» **Work required**:
Give the data again exactly as it appears, excluding any pictures.

» **Supplied information**:
==================================================

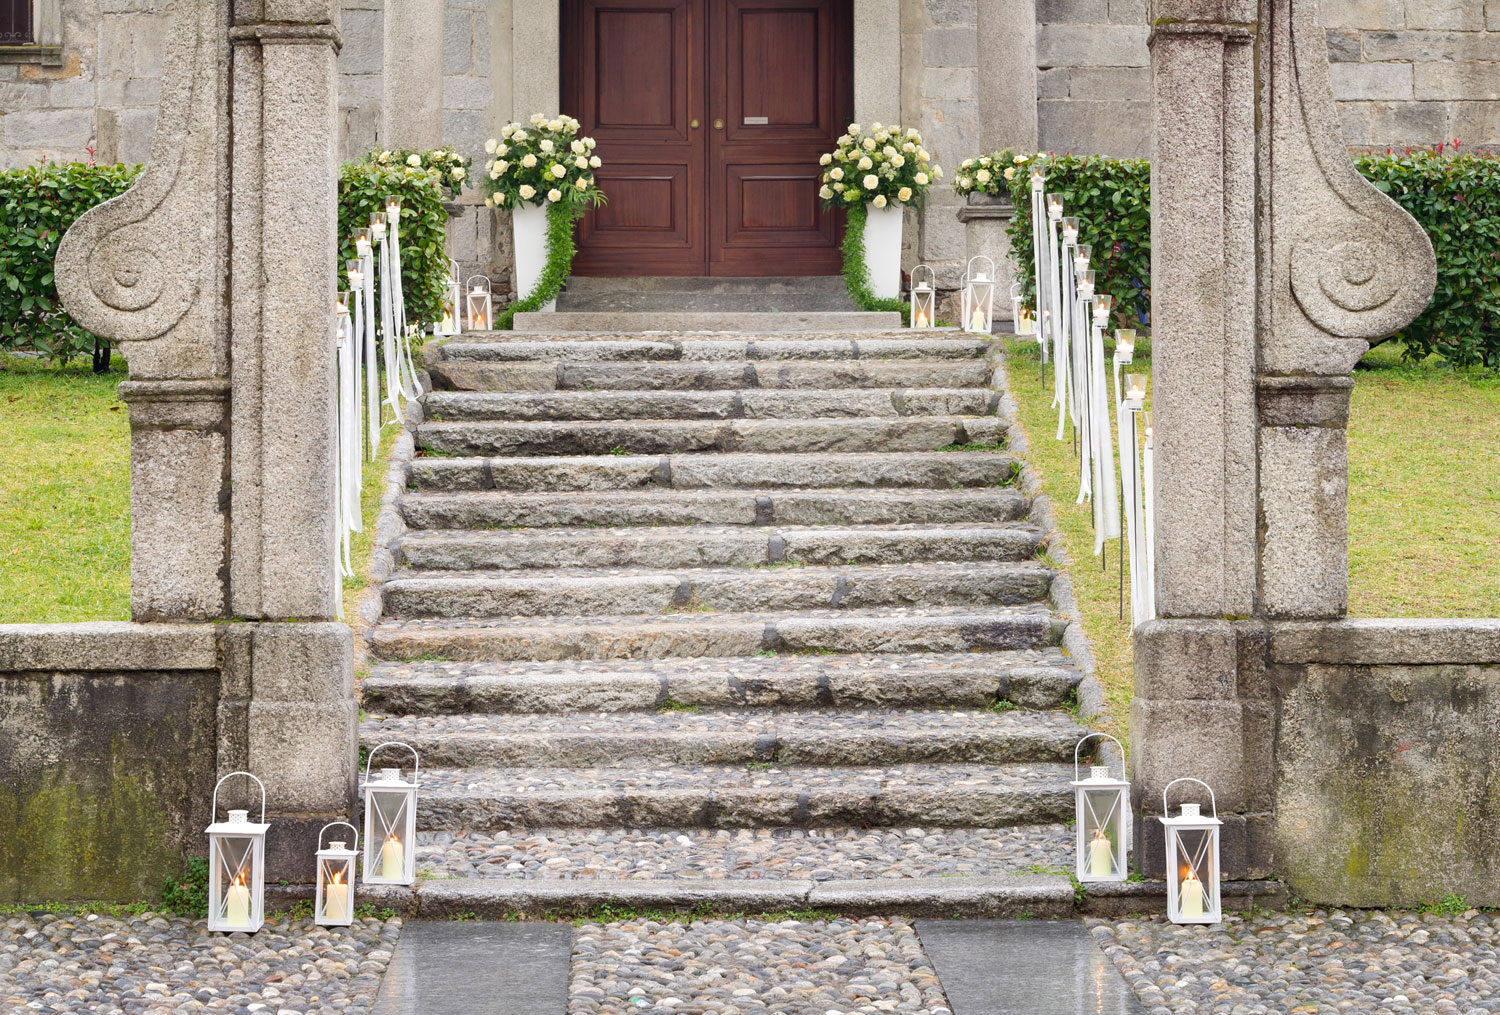 Fiorista Per Matrimonio In Chiesa Sul Lago Maggiore
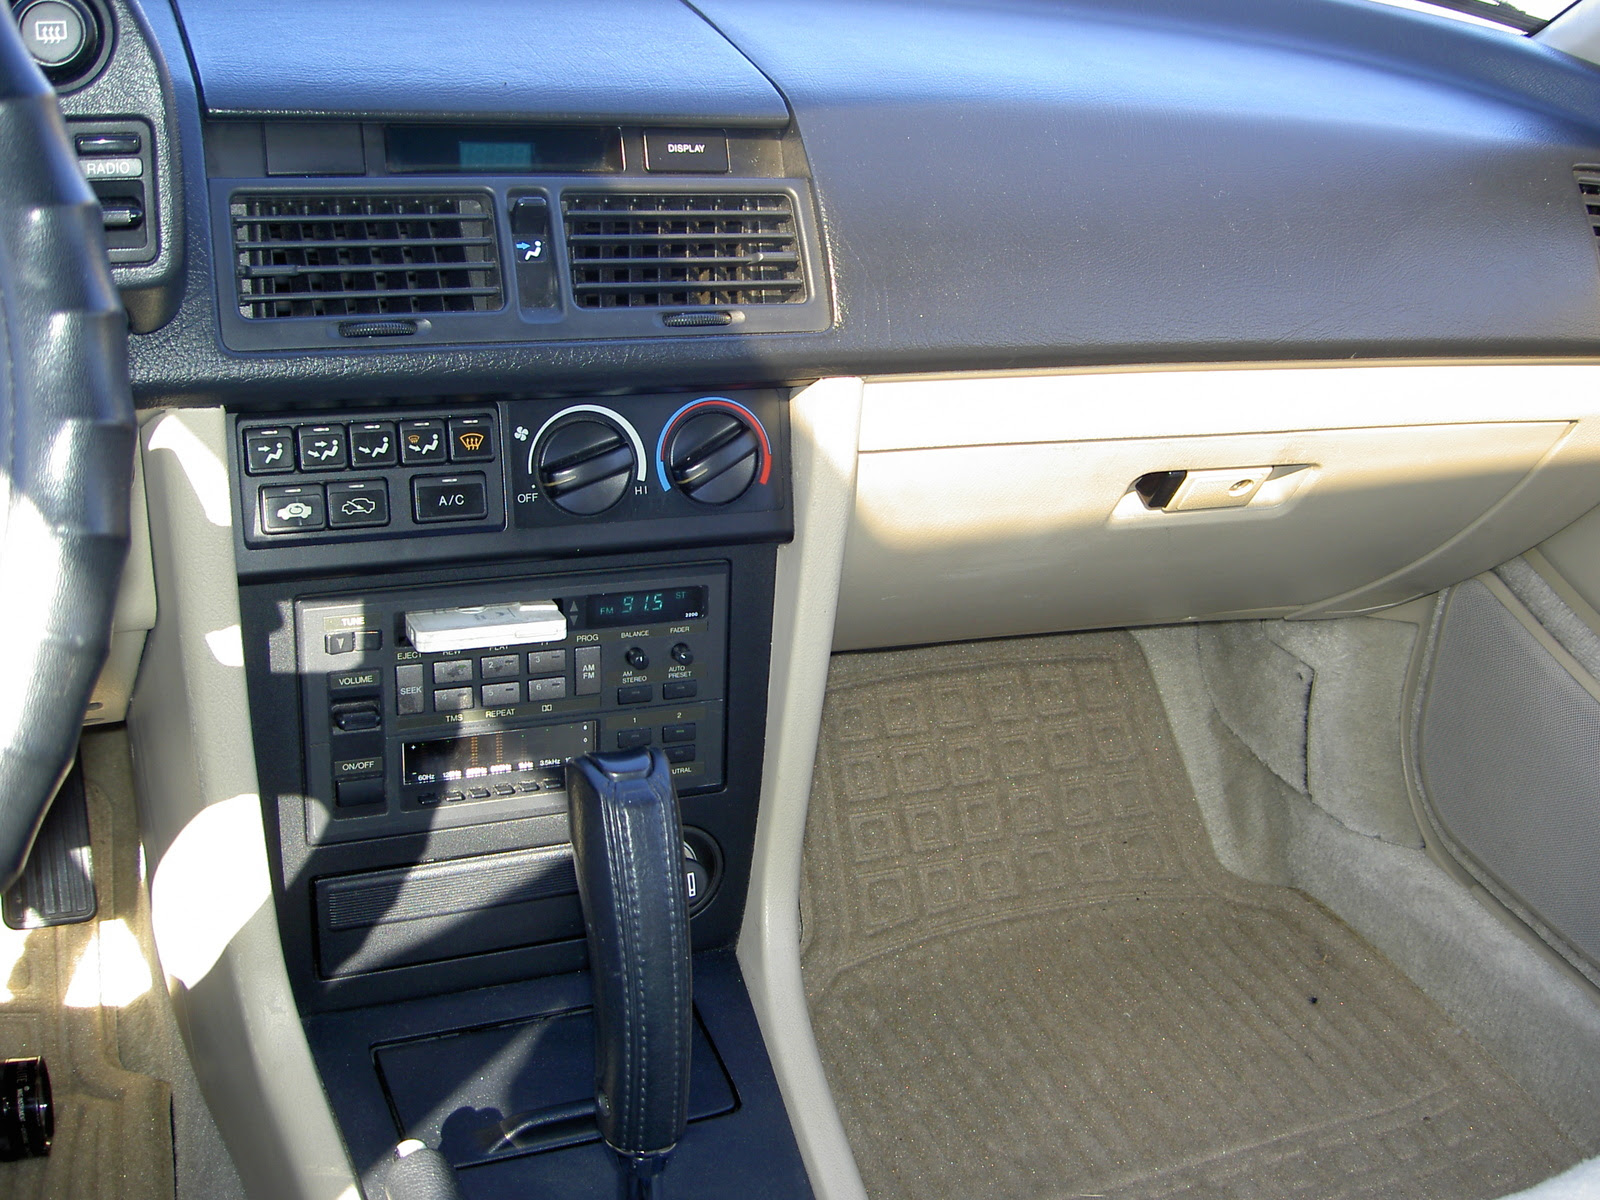 1990 Acura Legend Interior
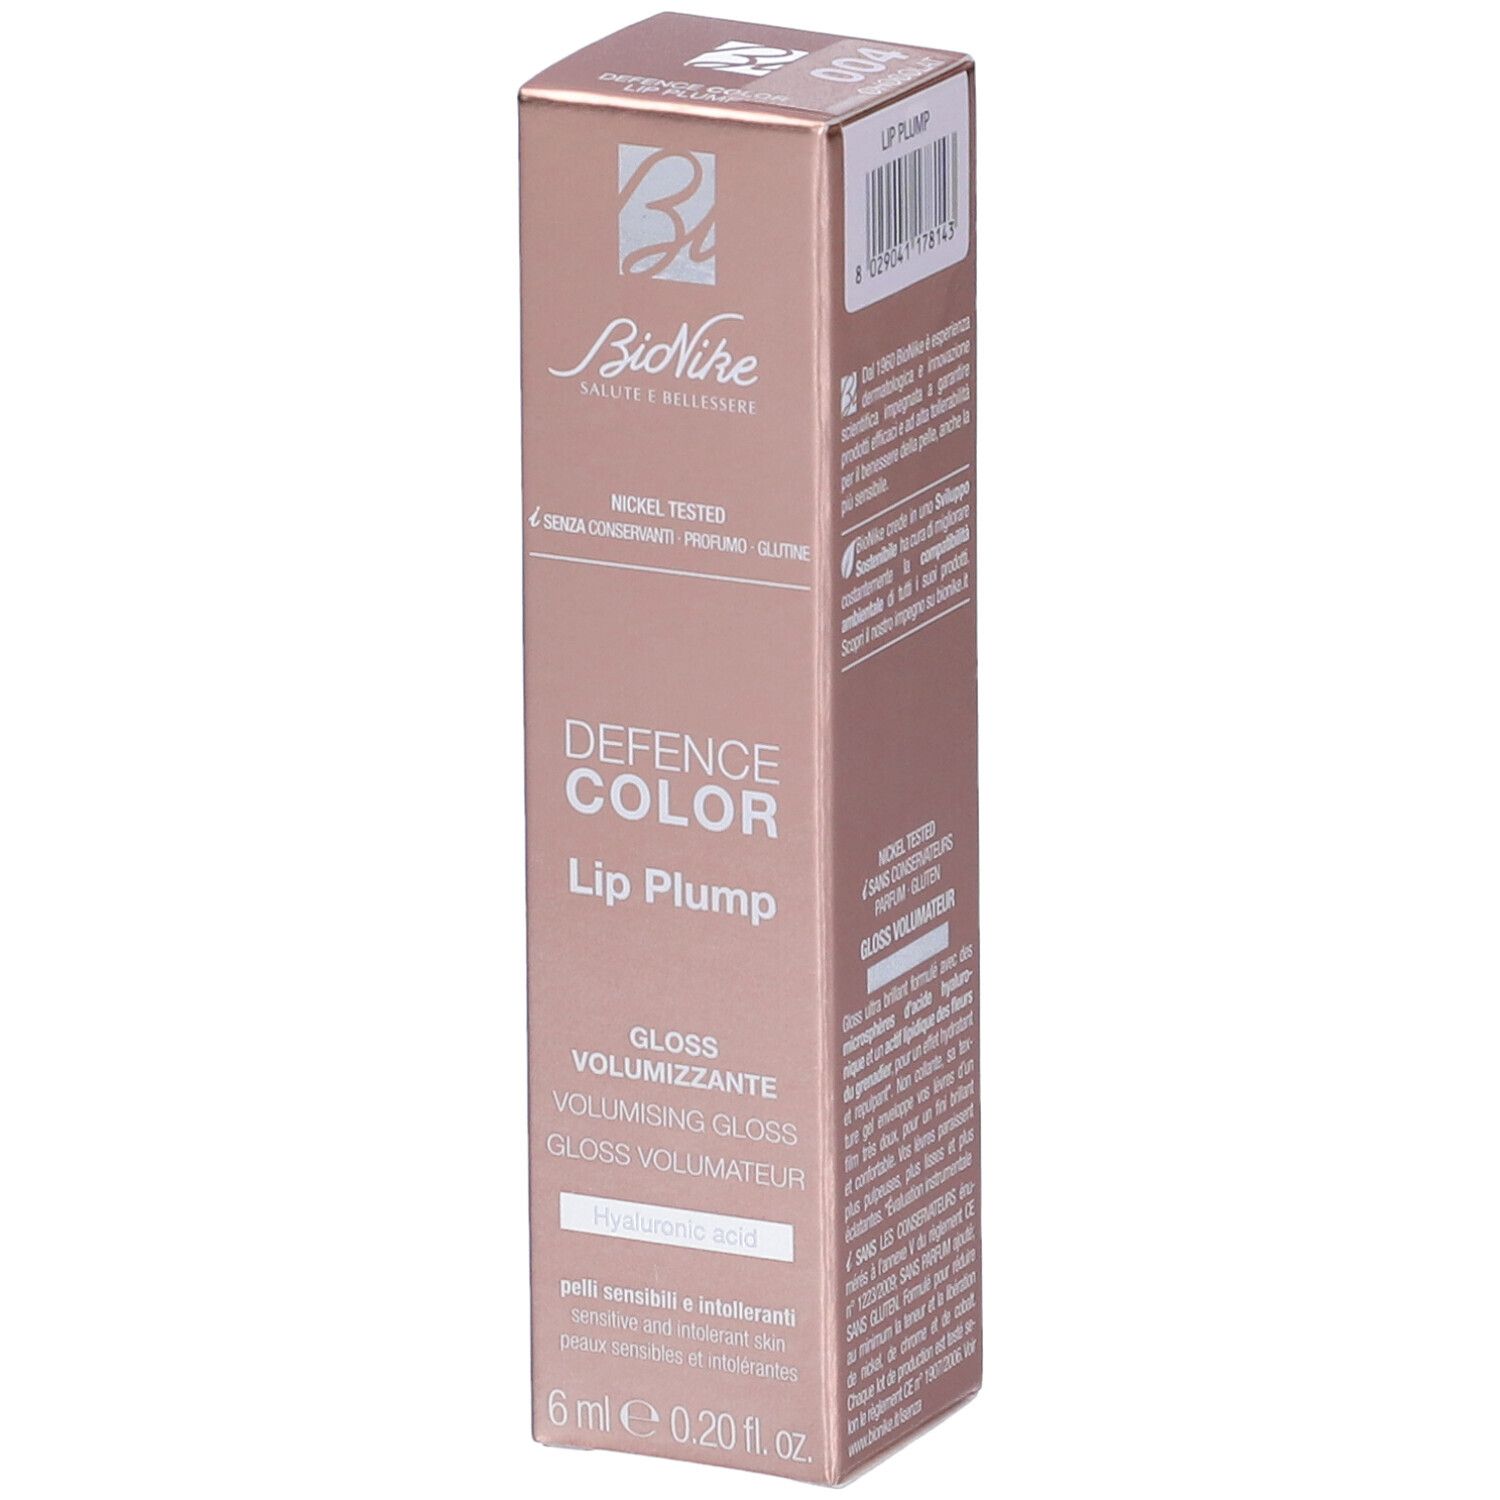 Bionike Defence Color Lip Plump Gloss Volumizzante Colore 004 Chocolat

==================================================

» **Problem solution**:
 Fiorista Per Matrimonio In Chiesa Sul Lago Maggiore
 1990 Acura Legend Interior
 Bionike Defence Color Lip Plump Gloss Volumizzante Colore 004 Chocolat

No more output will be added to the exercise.